# What Exactly is a Schooling Show?



## BuckskinBorn2Fly (Mar 8, 2011)

What the title says ^^^ Is a schooling show a show just for beginners, or what? Sorry, I just don't know what a schooling show is


----------



## Saddlebag (Jan 17, 2011)

It helps you learn what is expected at shows, how the classes work, what the judge is looking for without going to the expense of a regular show. One wears proper attire but the atmosphere is pretty relaxed.


----------



## TheLastUnicorn (Jun 11, 2010)

A schooling show is generally a more informal show. 

Often judges will offer tips and explanations for their placings and for riders who look like they need a bit of help. 

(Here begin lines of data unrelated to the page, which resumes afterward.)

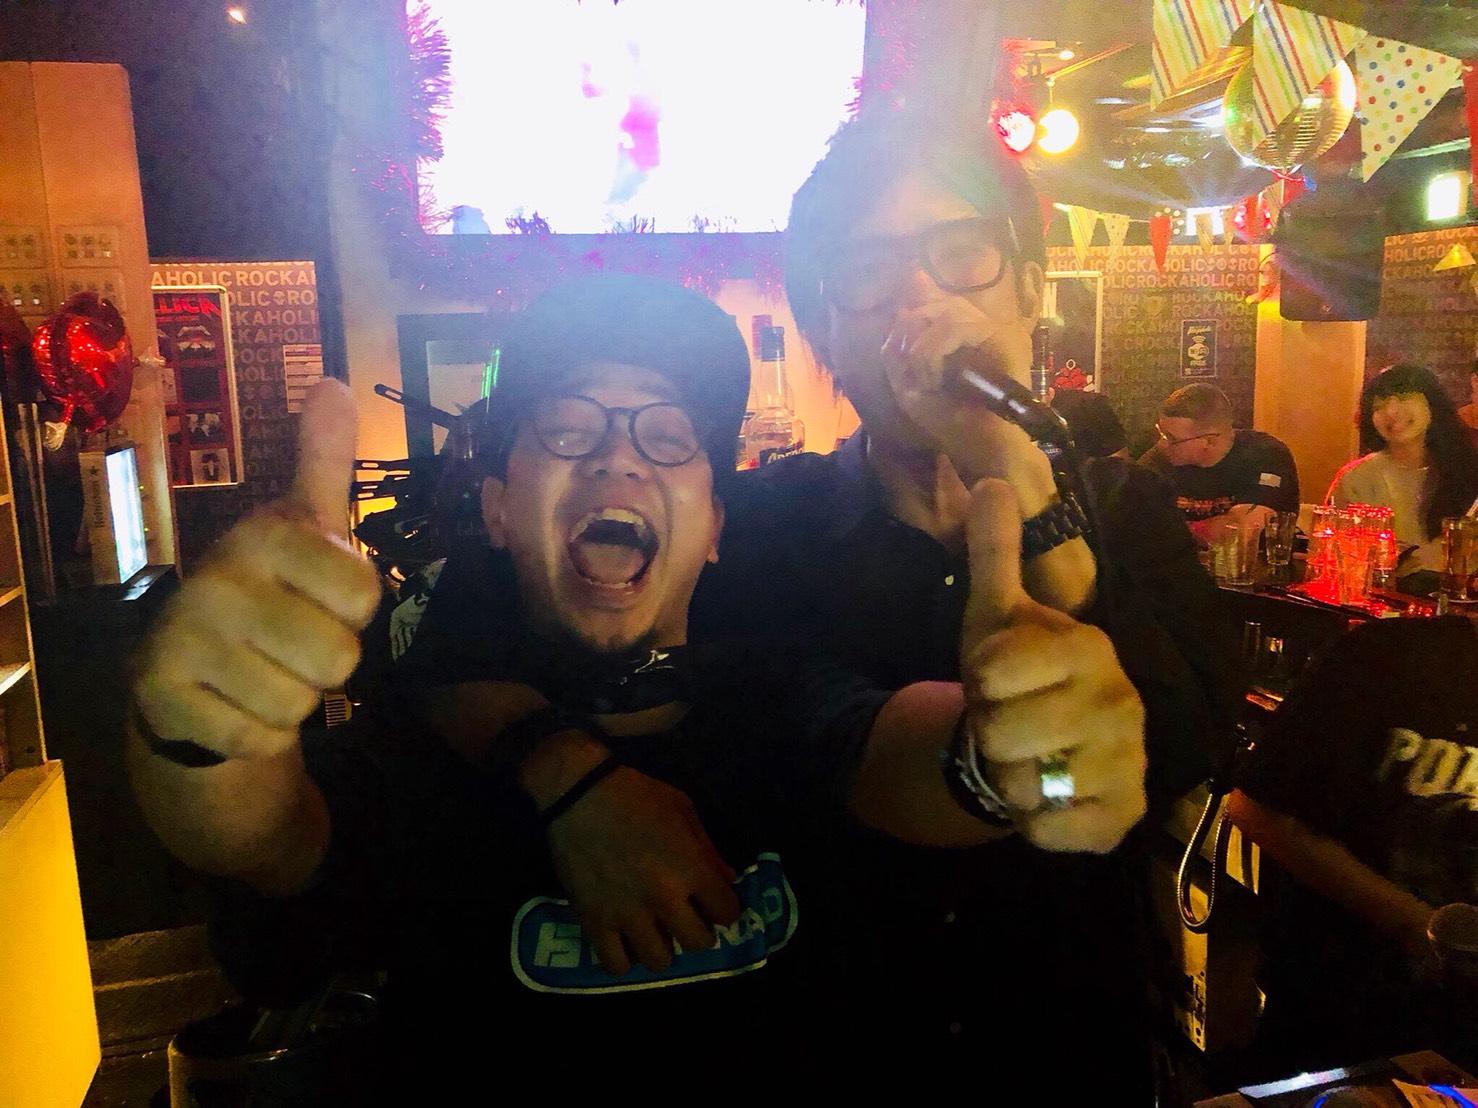 https://bar-rockaholic.jp/shibuya/blog/S__4497419.jpg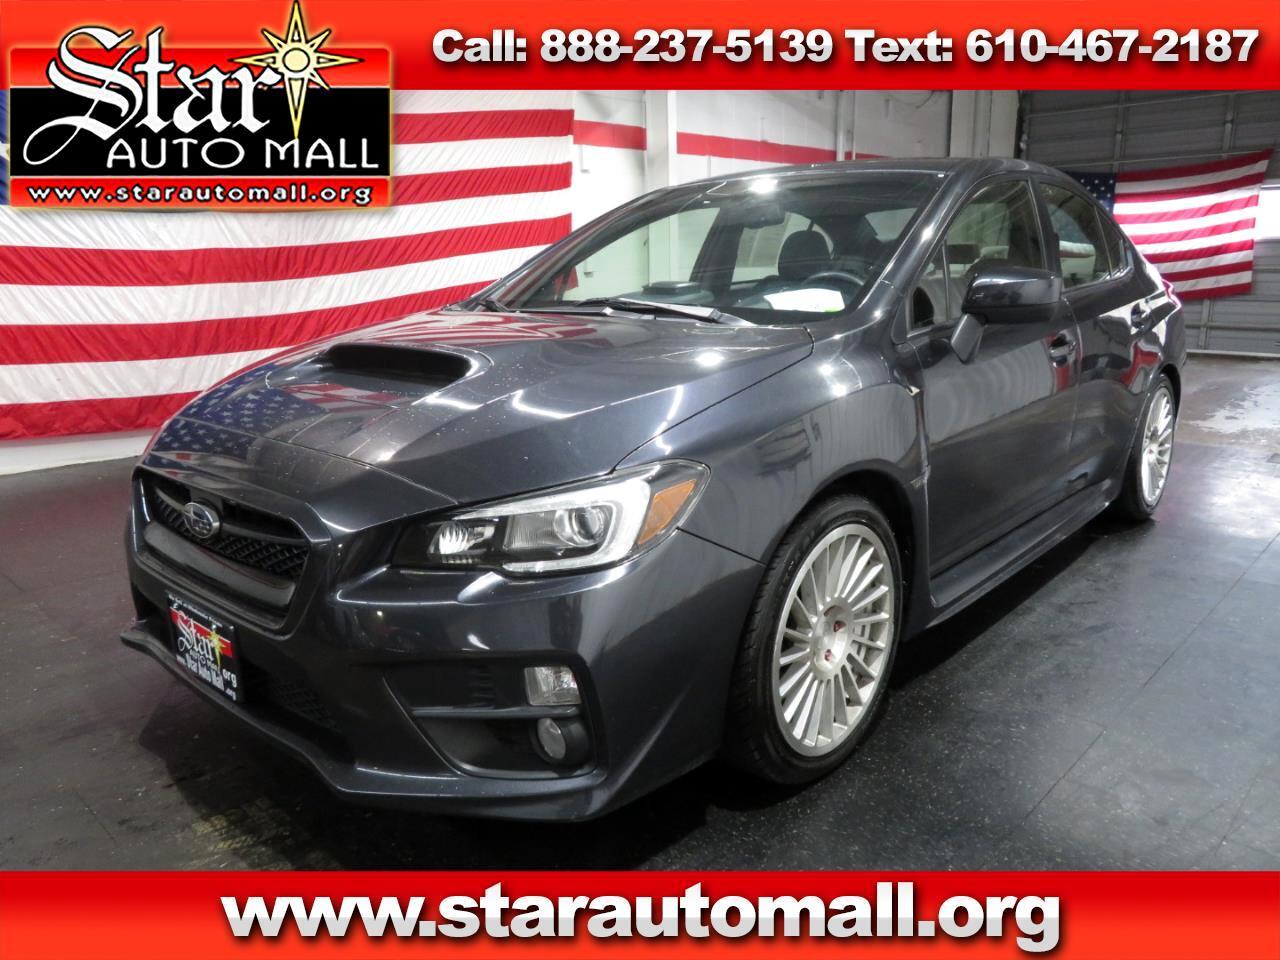 2016 Subaru WRX Limited 4-Door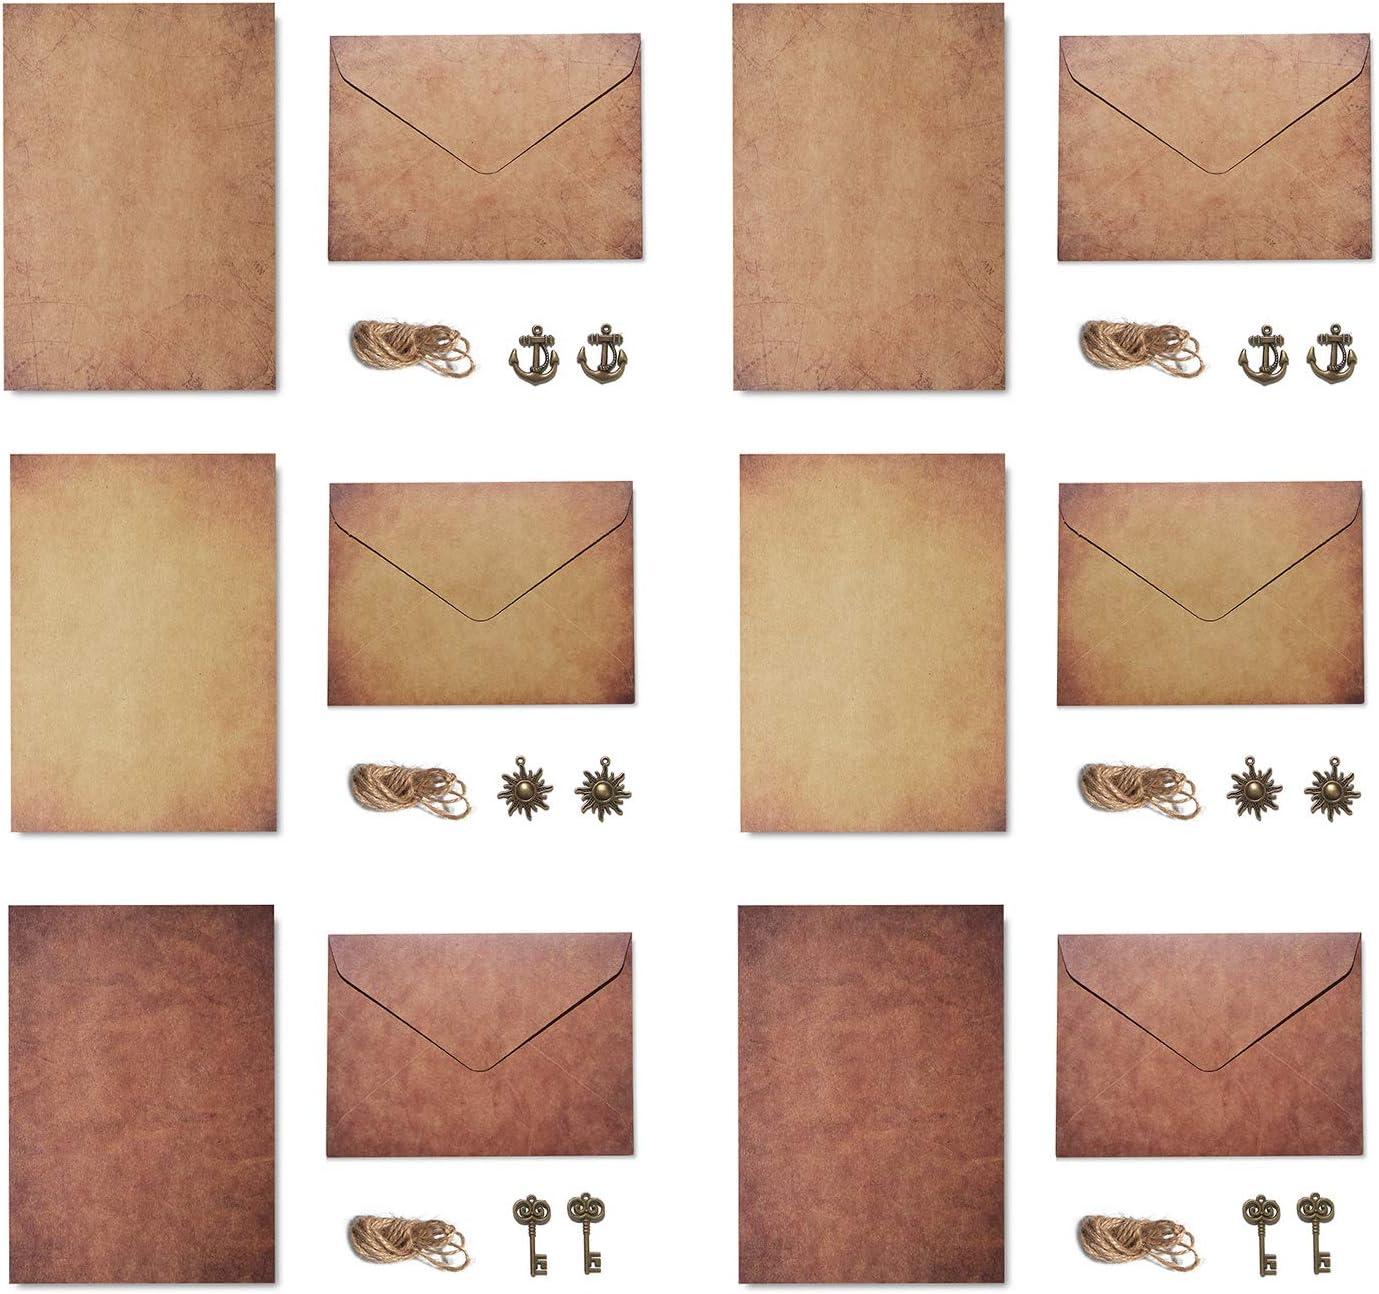 ensemble de papier /à lettres d/écriture de papeterie vintage papier imprim/é de conception de papier kraft de style classique vintage pour DIY Gwotfy 6Pack Ensemble denveloppes vintage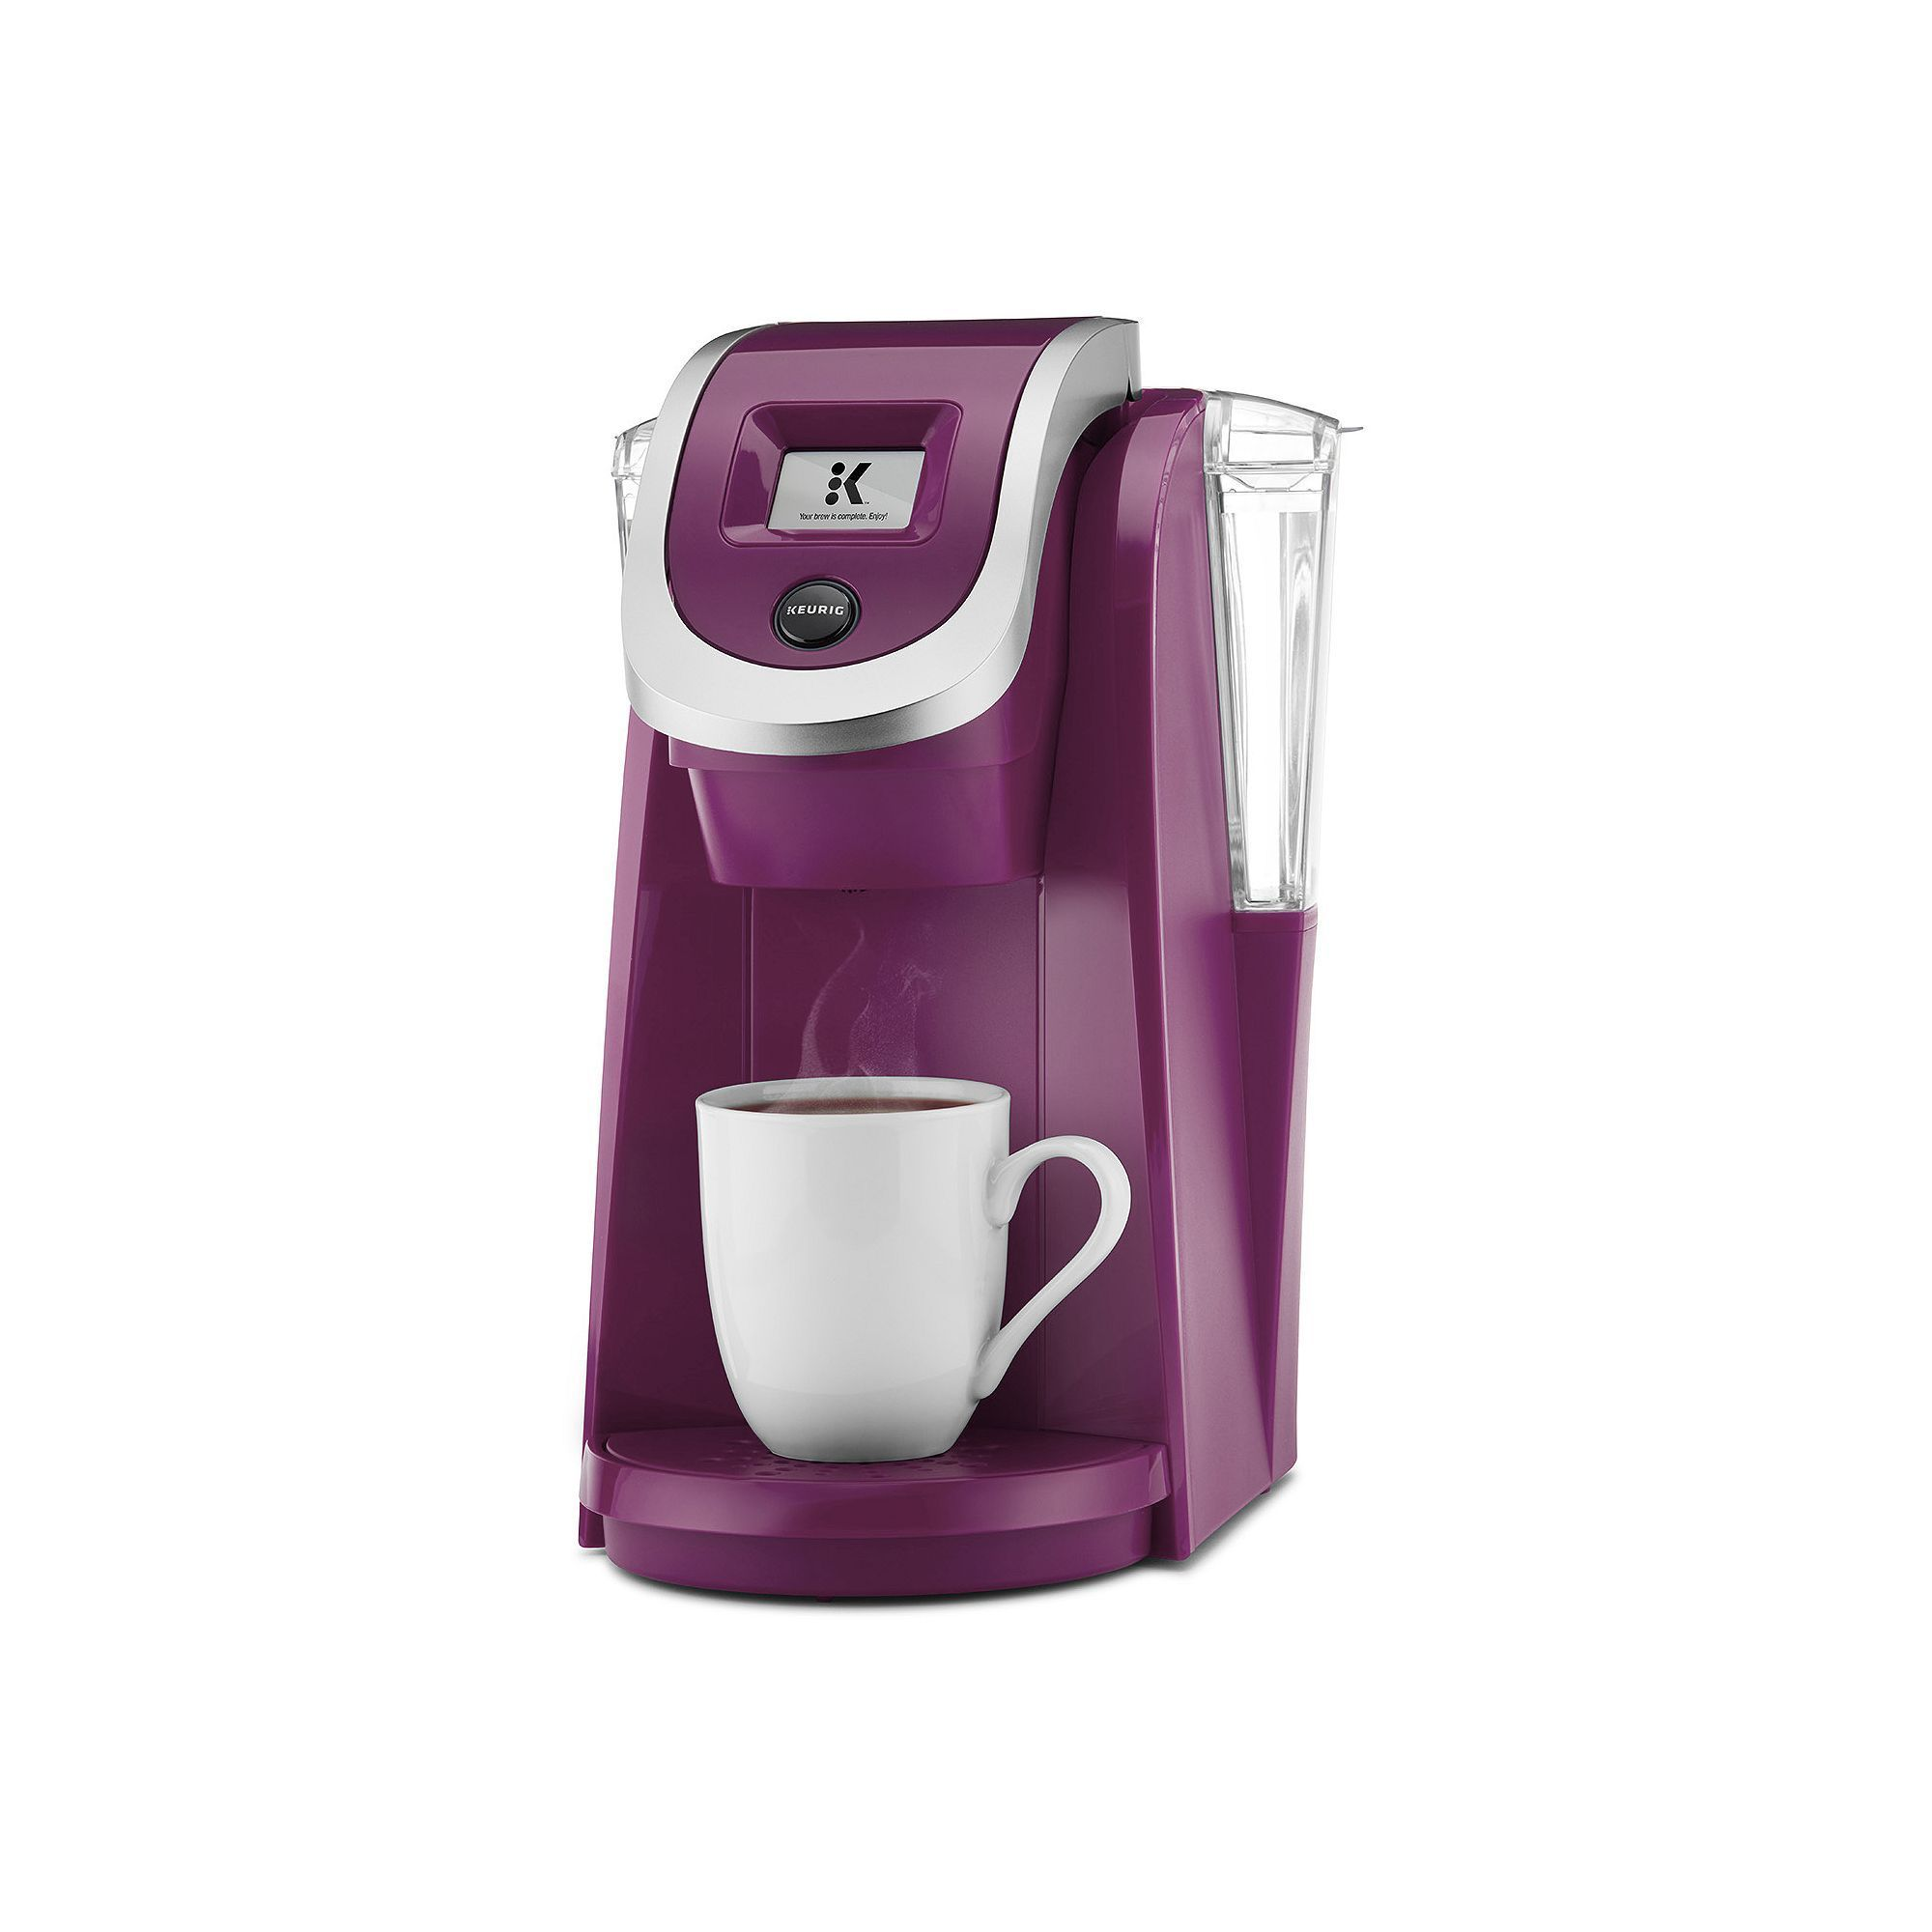 Keurig® K250 Coffee Brewing System, Brt Purple Pod

It's not just for beginners, though it's a great place to start if you are new to riding.


----------



## Azale1 (Jul 5, 2010)

It is a more relaxed show not just for beginners, it is kind of a warmup for larger shows. Test to see hwere you are at so far, what you need to improve on, If your horse is new to shows this is a great way to get him used to the atmosphere of one. Often times the judge after a class will speak to you and let you know what you need to work on. Give tips. You can recieve help by your trainer from the rail through your class often times. But you still do put on the performance like normal show i.e. full show attire, well groomed braided horse, clean tack. When I did show every season I would enter in at least 2 schooling shows before I went to my larger shows so I would know what needed to improve on. Also gave me a good idea about my competition for that year. I did this as a beginner and as a well seasoned rider. They are very helpful, and much cheaper.


----------



## BuckskinBorn2Fly (Mar 8, 2011)

ohhhhhhhhhhhh ok the schooling show world suddenly makes sense


----------



## fuadteagan (Jun 10, 2010)

It is basically a show that you wear like a polo, paddock boots, and tan breeches usually. It is more relaxed and just to get some show miles on ya.


----------



## raywonk (Jan 9, 2011)

You do not have to be a begginer to go to them they are for everyone and anyone. They tend to be lots of fun if hosted properly.


----------